Find "Il tempo dell'attesa, il" in the material, then return exactly the line containing it and all lines after it to the end, leaving out pictures.

Dataset content:
-=-=-
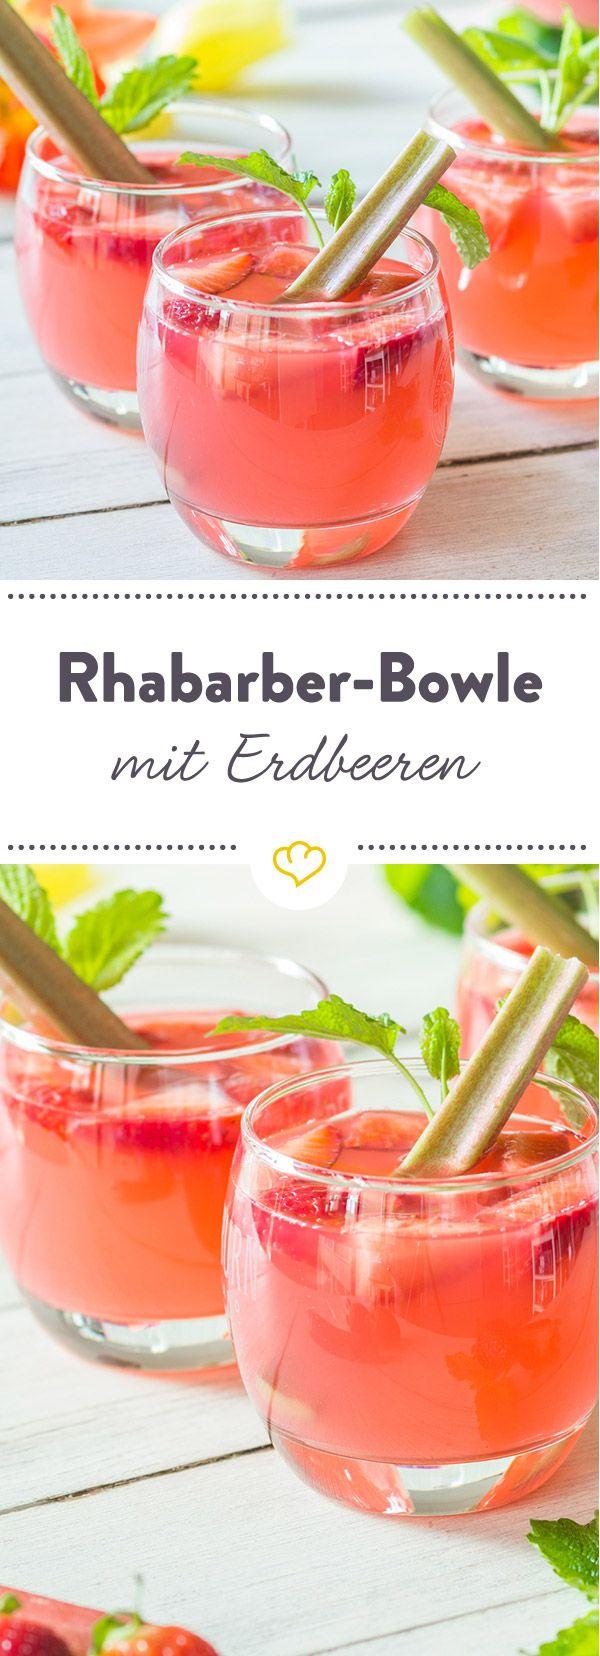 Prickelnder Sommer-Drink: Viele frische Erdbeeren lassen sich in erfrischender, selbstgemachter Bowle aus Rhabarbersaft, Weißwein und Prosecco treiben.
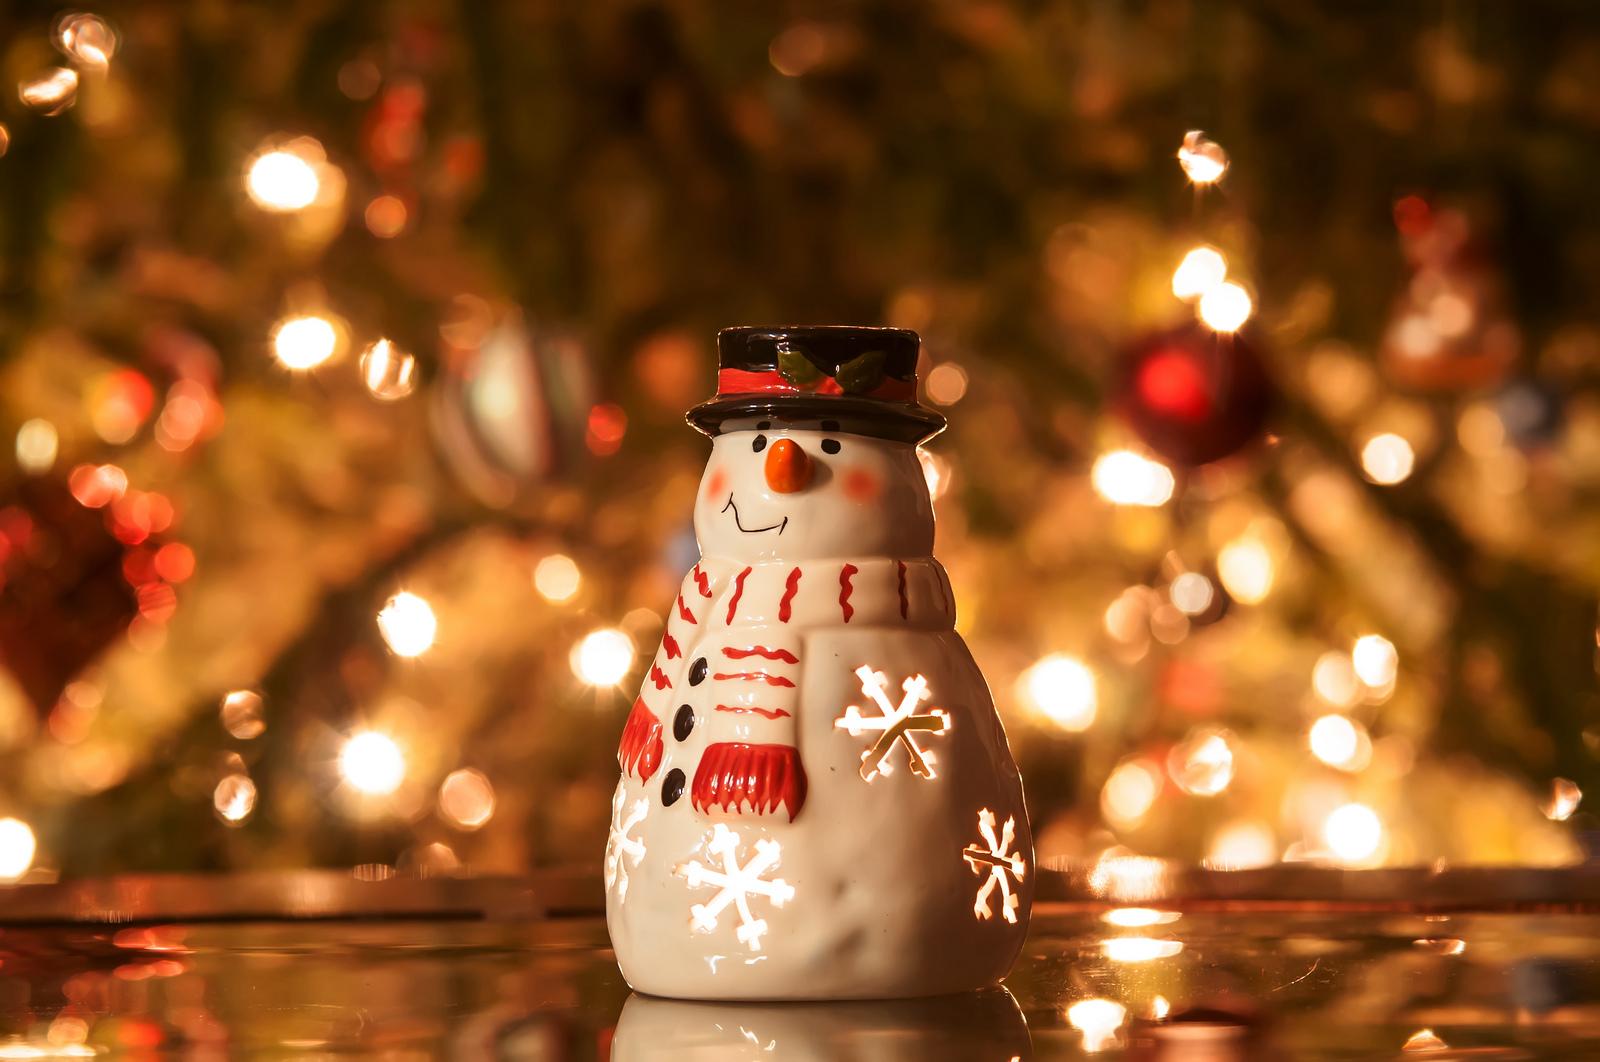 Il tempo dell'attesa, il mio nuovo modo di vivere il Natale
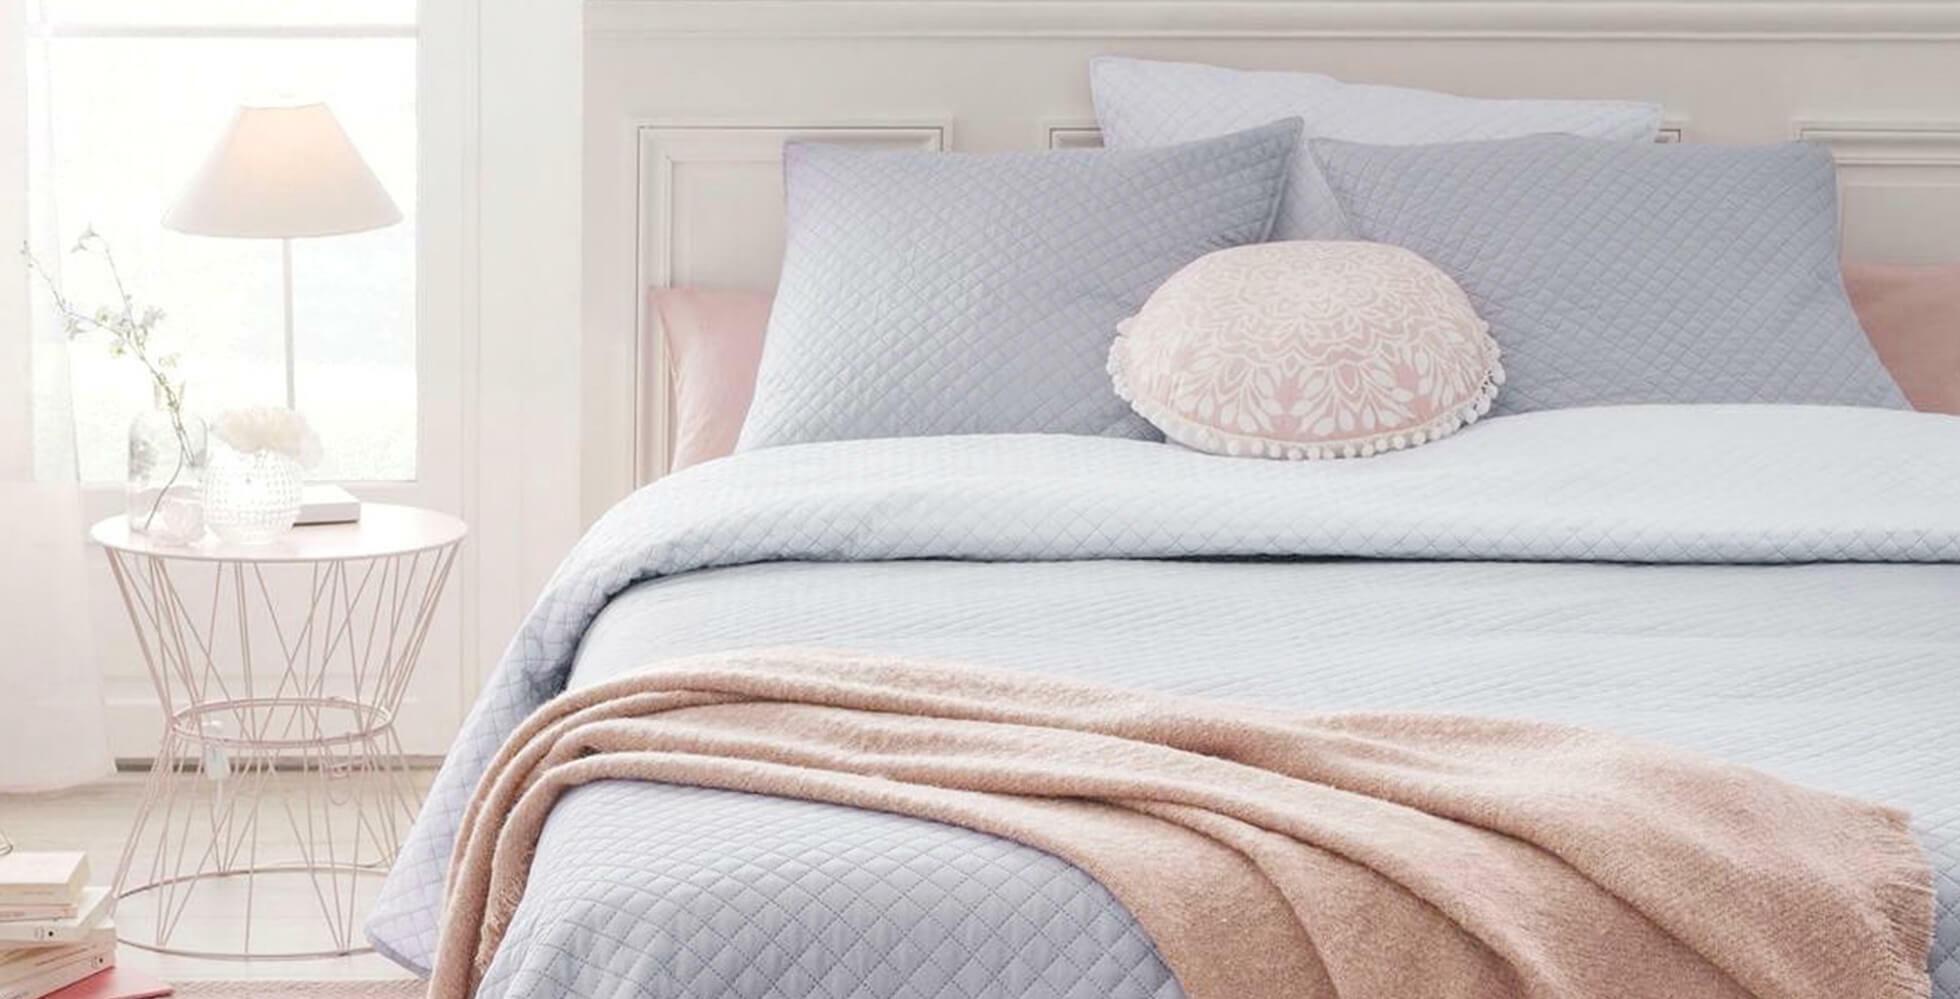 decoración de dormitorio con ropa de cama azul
-=-=-
Solution to this task:
 Il tempo dell'attesa, il mio nuovo modo di vivere il Natale
 decoración de dormitorio con ropa de cama azul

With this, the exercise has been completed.